You'll gain some arrow speed but the real thing that I liked about the tubeless peep is the fact it quiets the bow down.


----------



## XP35 (Oct 11, 2005)

6bloodychunks said:


> try this, only use an inch or inch and a half piece of tubing tied into the cable then use roughly 8 or 10 pound mono from the tubing to the peep , you can even cut off most of the post on the peep,just leave enough to burn a hole through to put the mono through, a couple tries should be all you need to get it setup right,this works great for me!!!!!!!!!!!


I've tried that with 20# Fireline before and it worked!! :wink: I went tubeless since then, though.....


----------



## DannyB (Feb 19, 2005)

I'd have to agree with Bob, Taking the tubing off quieted my bow a bit but the gain in speed for me was insignificant. Maybe 2 fps.


----------



## MA_Bowhunter (Jan 11, 2006)

*gain 6 fps*

I just went through this. I took off my tube and the peep, installed Timberline's "No-Peep", and I gained 6 fps. I also then took off one brass nock at the d loop and gained another 1 fps. The bow is quieter now, and no more rubber tube smashing my face when it slips off.

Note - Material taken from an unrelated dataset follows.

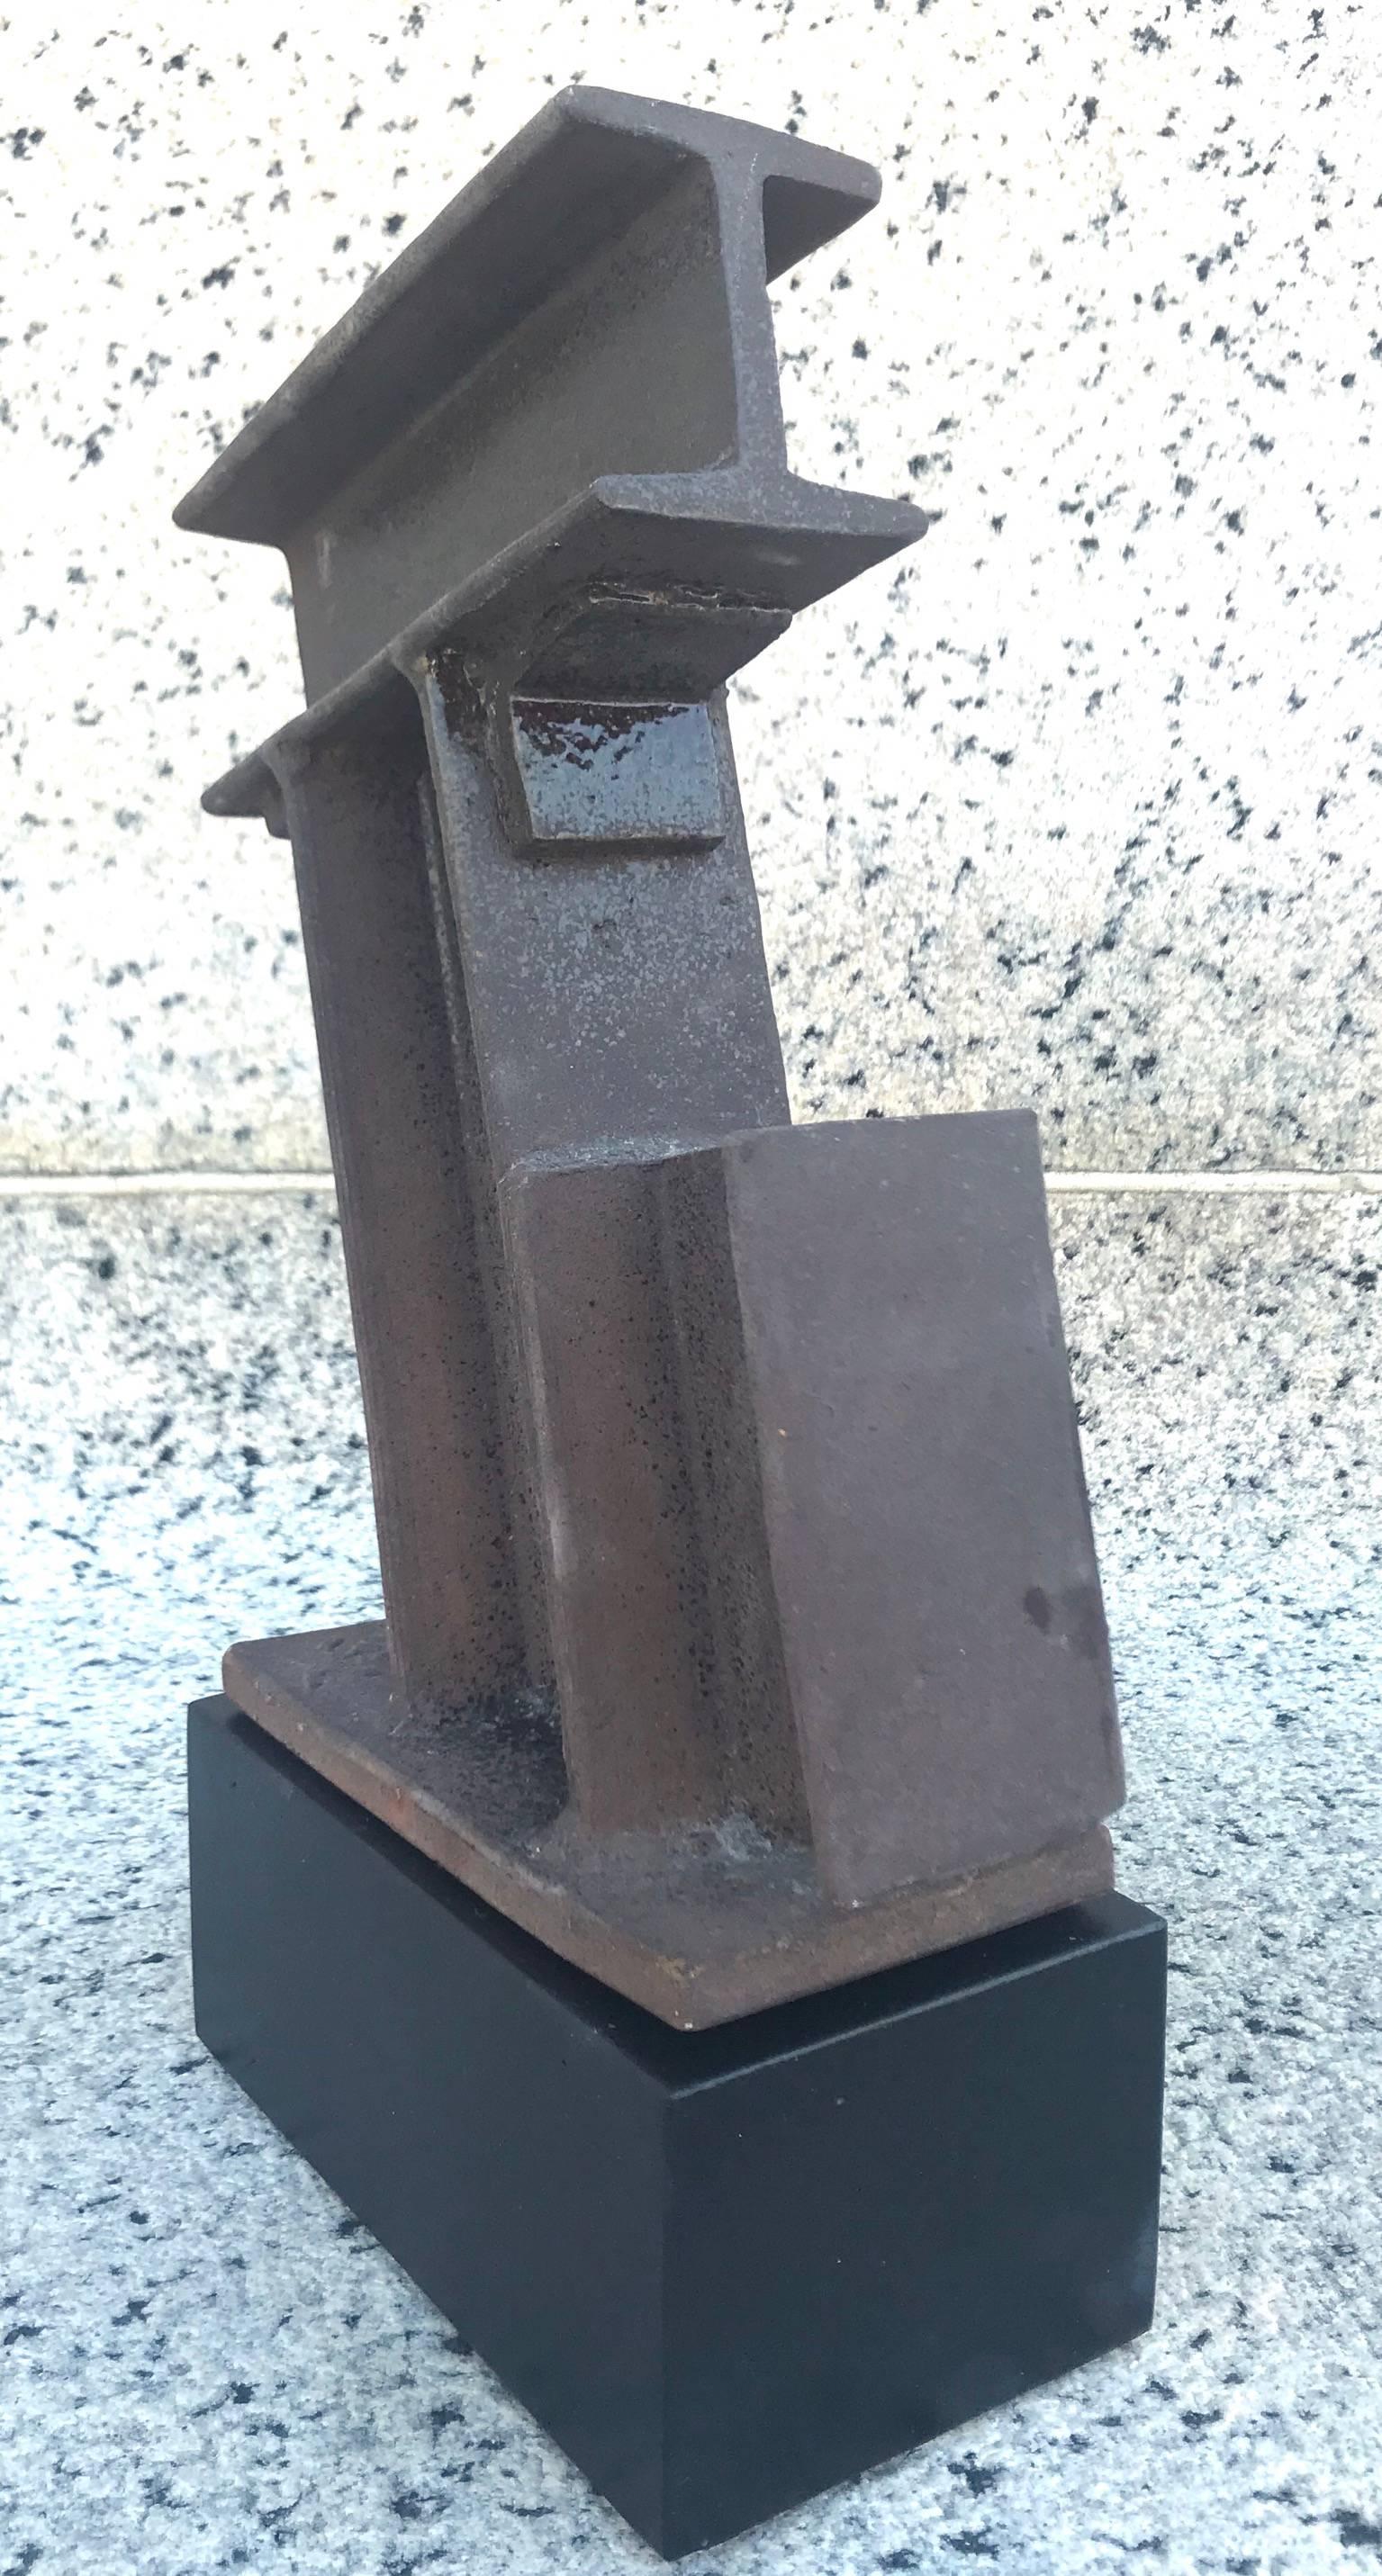 Brutalist Abstract 1970s Ceramic I-Beam Sculpture after Mark Disuvero 3
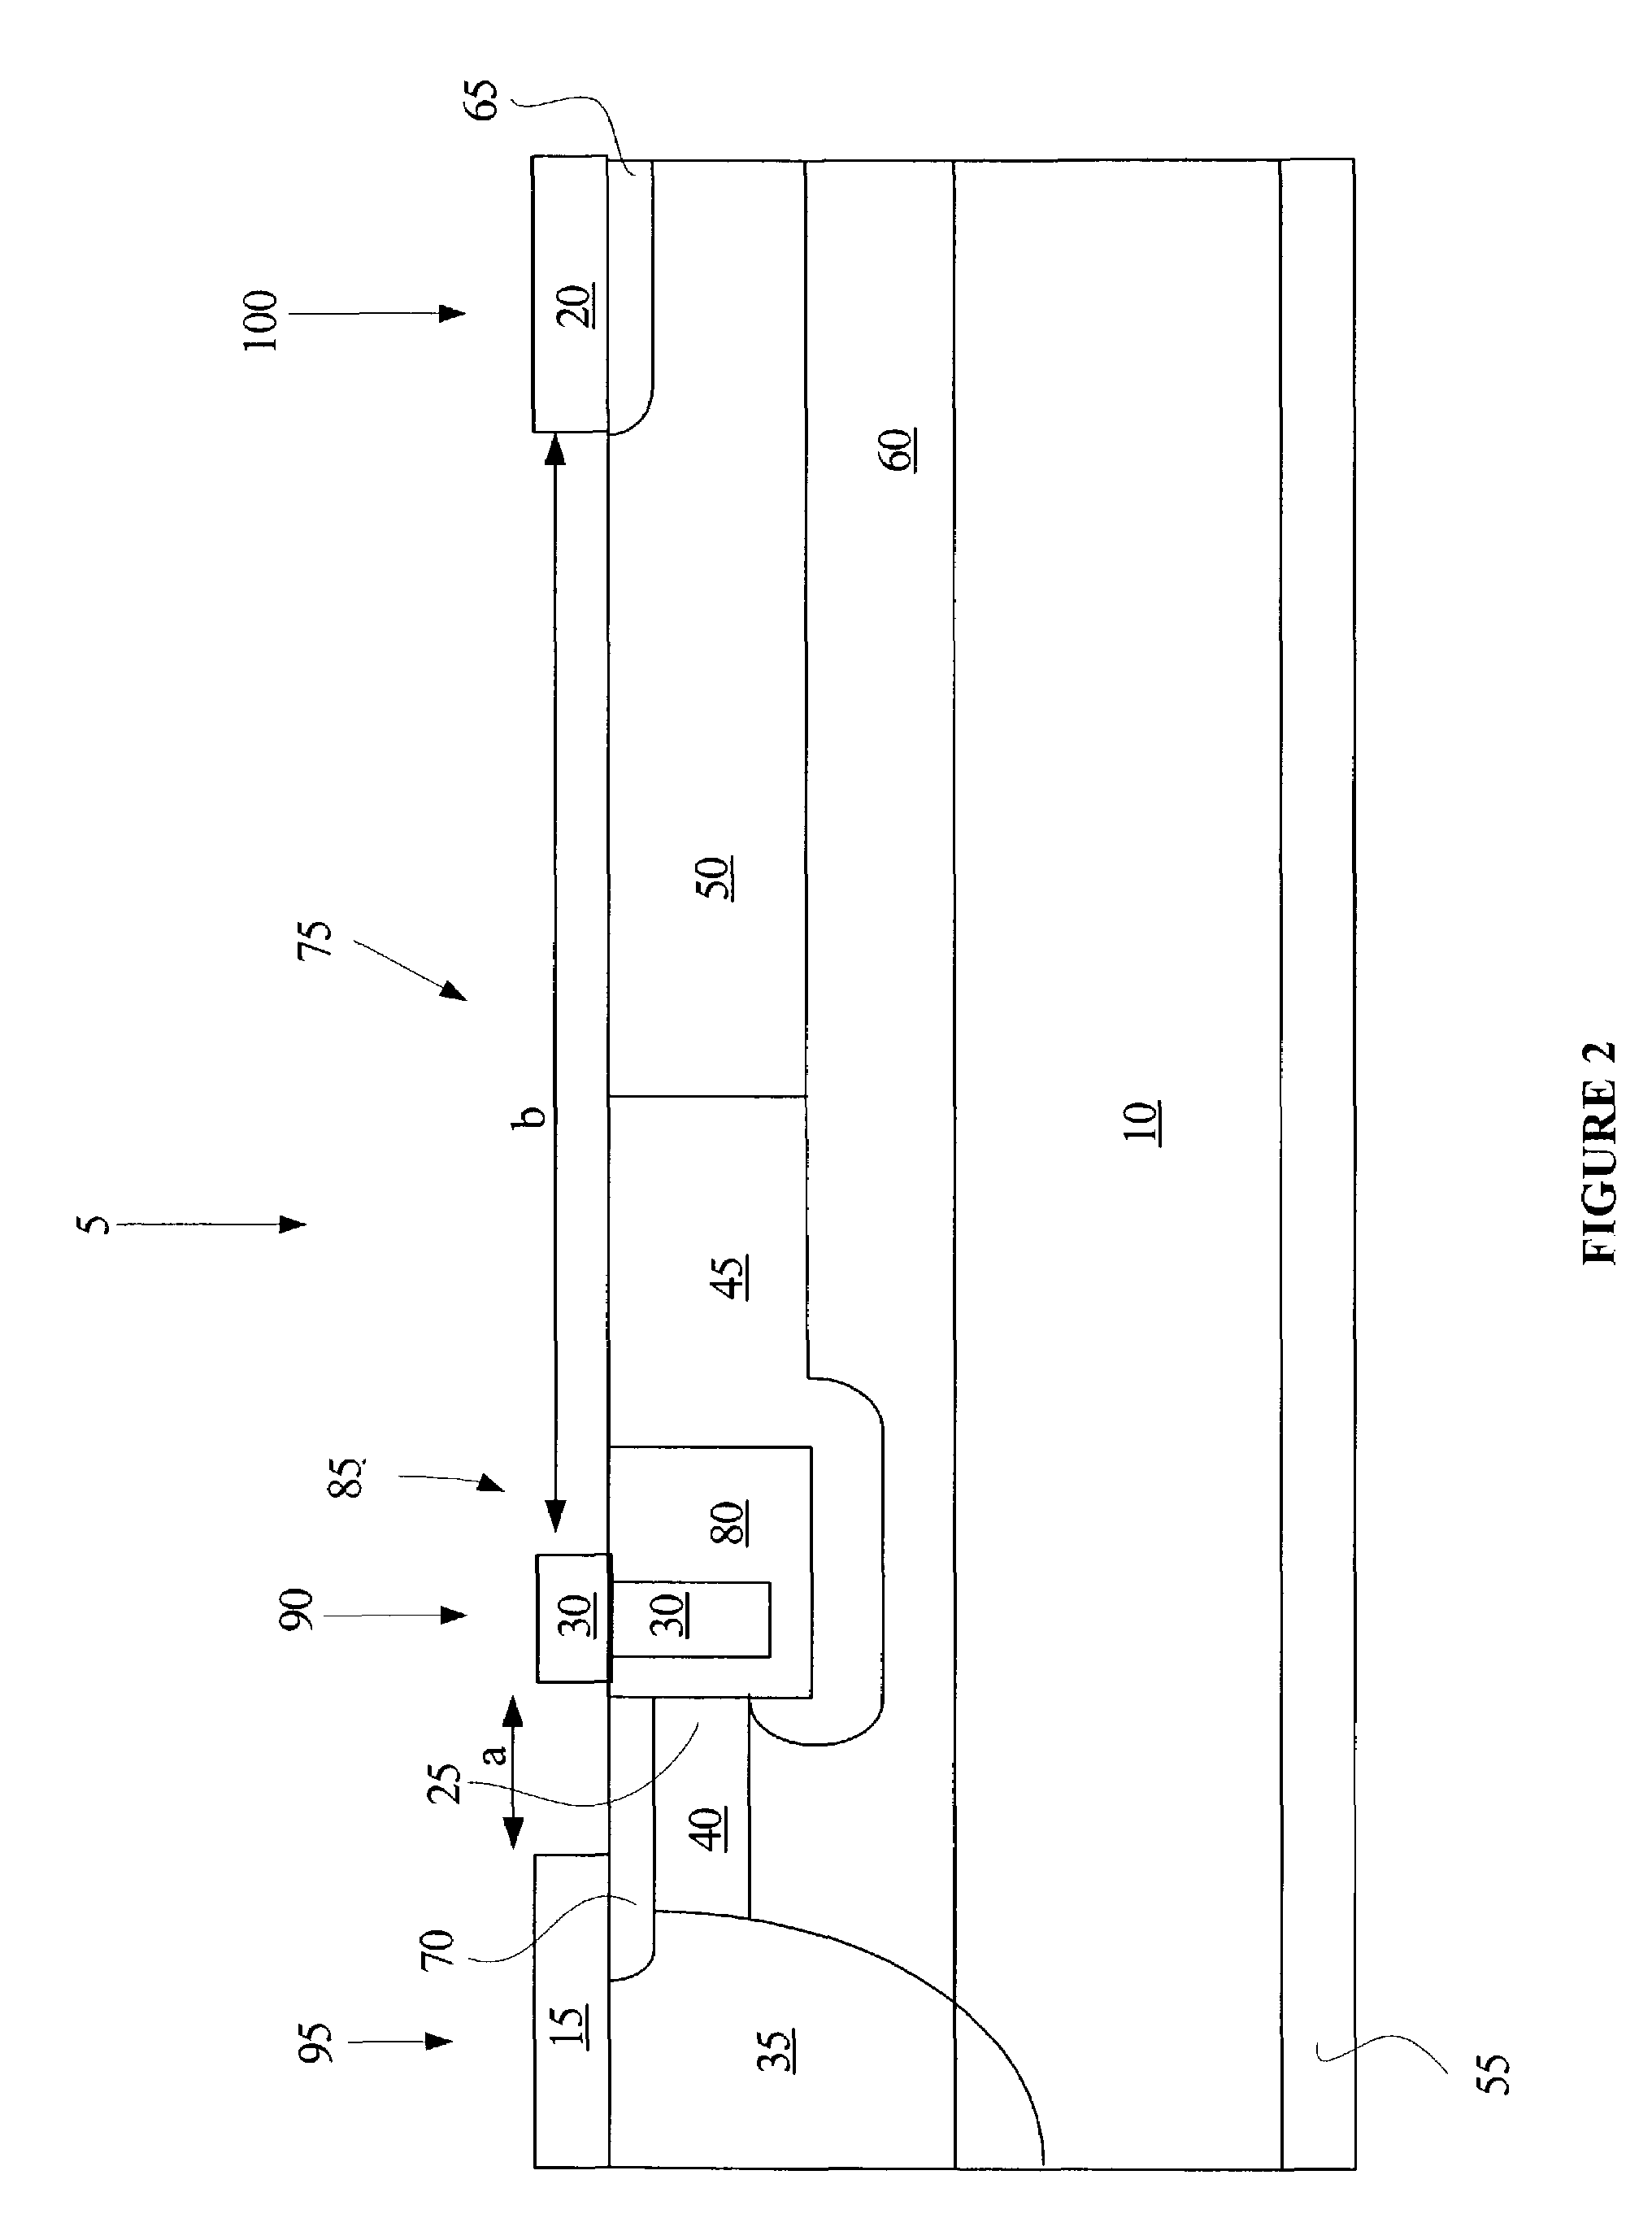 Trench gate laterally diffused MOSFET devices and methods for making such devices

It took FOREVER to properly line up the no peep, but now that I have, my groups seem pretty good. I am really starting to like it.


----------



## Scrapeliner (Jan 23, 2006)

*good enough*

I think i'll go the tubeless peep route this spring, 2fps on average isnt anythign i would want to fret about anyways. quieter is better!


----------



## hunting addict (Aug 18, 2004)

You'll pick up a little speed, but it will be minimal. However, if it is for a hunting bow, it will be ALOT quieter, and worth the effort to get rid of the loud slapping noise of the tube.


----------



## DoeSlayer75 (Feb 14, 2006)

I had a trio peep it worked really well until it exploded in my string. Freak occurence hasn't happened to anyone else I know. I switched to a tube peep, and lost 7 fps. Going back to tubeless on my new tribute. Hope It works...:embara:


----------



## Bowfinger63 (Mar 5, 2006)

*tubeless peep*

Yeah, I went tubeless, after 1 instance of breakage,(wear glasses-so no eyeball daamage) startled to say the least. switched to a split style peep, since I shoot fingers,thru experimentation, found out that having the peep rotated1/4 to the right,worked best. when drawing & settling on target, the peep will rotate into view,sight picture shows me a slight oval shape, as the string starts to roll off,it's comes into a circle shape. If it rotates back the other way before release, I know that I'm torquing the bow and let down.
As for speed or weight, heck ! don't know-don't care. It's just one less thing on my mind to worry about ( tube breakage,injury, etc.):wink:


----------